Zu einem kompletten Look gehören schön frisierte Haare und manikürte Nägel. Lange Zeit gab es bei den Haaren für Frauen nur zwei Optionen, nämlich gestreckt oder gewellt. «Nun wird die Form wieder individueller. Vorher hatte der Schnitt noch die Frisur bestimmt. Jetzt wählt man Schnitte, die flexibel stylbar sind», sagt Heinz Rusch, Inhaber des Coiffeurs Tonio in Teufen. «Individuelles Styling ist gefragt. Es gibt viele Frisiervarianten. «Die Frisierkunst des Coiffeurs wird wieder grossgeschrieben.» So seien bewegte oder gewellte Haare ­gerade sehr in.

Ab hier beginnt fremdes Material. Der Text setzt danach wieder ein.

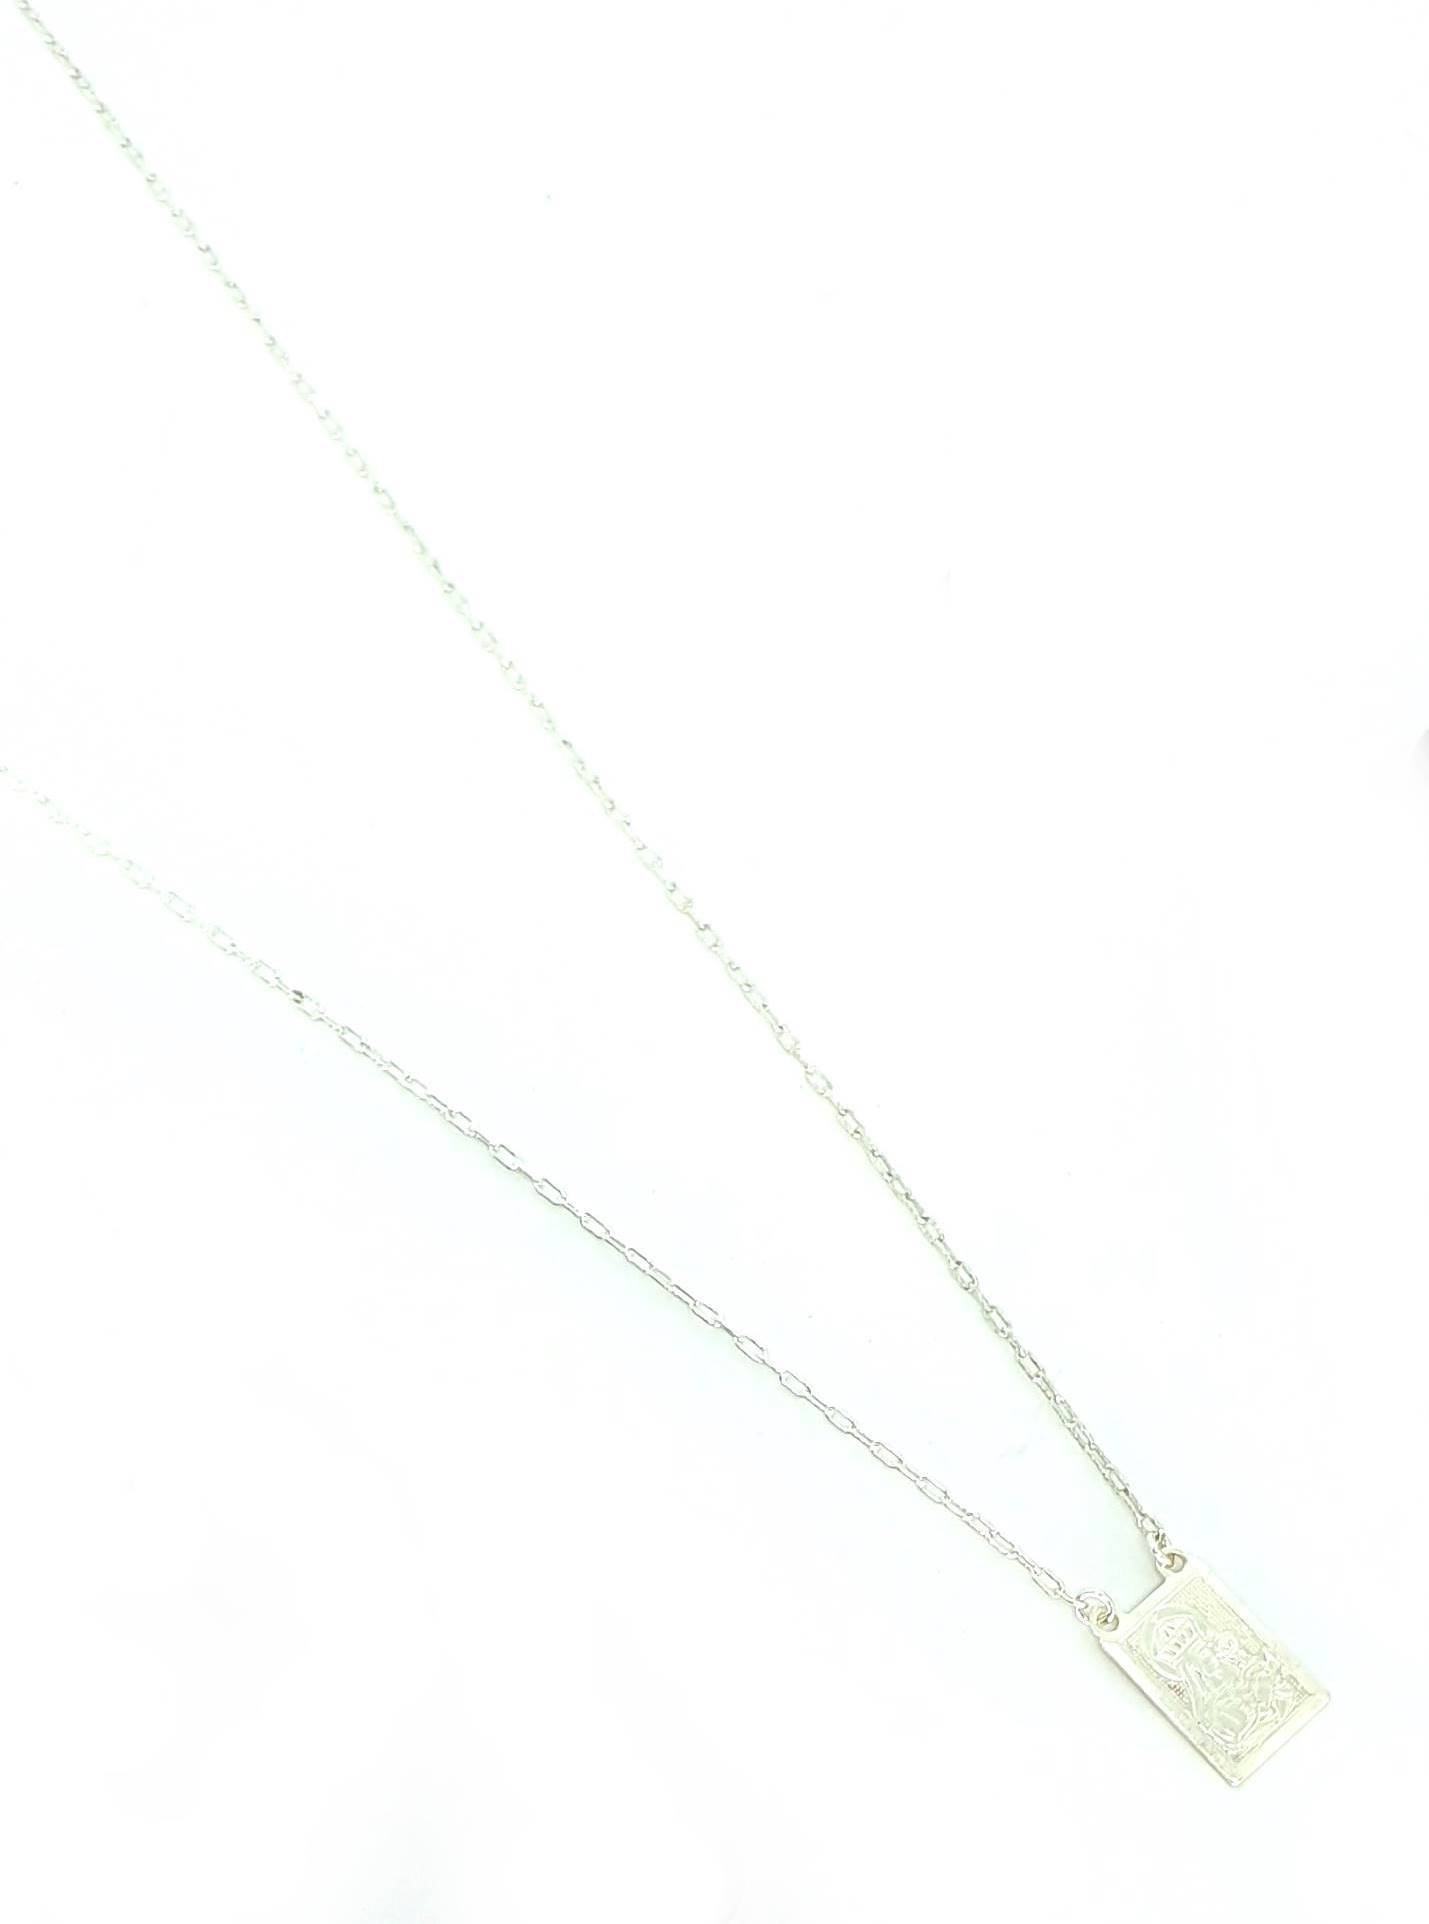 Escapulário-de-Prata-925-new-emporiotop-emporio-top

Die Haare werden in der ­aktuellen Saison wieder kürzer: «Sie sollten die Schultern berühren, aber nicht länger sein», so Heinz Rusch. So sind vor allem auch Kurzhaarfrisuren im Trend. Zudem arbeitet man wieder mehr mit der Farbe. Rusch: «Generell ist brond, also eine Art blond-braun, angesagt. Diese Nuancen können von Honigblond über Caramel bis hin zu Roségold reichen.»

Bei den Fingernägeln bleiben nach wie vor die klassischen Trendfarben wie Rot, Schwarz und Weiss bestehen. Je näher der Sommer rückt, werden gemäss Experten Nude-Farben aufkommen. «Damit kann eine ruhige Basis geschaffen werden. Diese wird mit allem Funkelnden und Glitzernden kombiniert.» So könne man Streifen auf die Nägel malen oder Glitzersteine auf­kleben.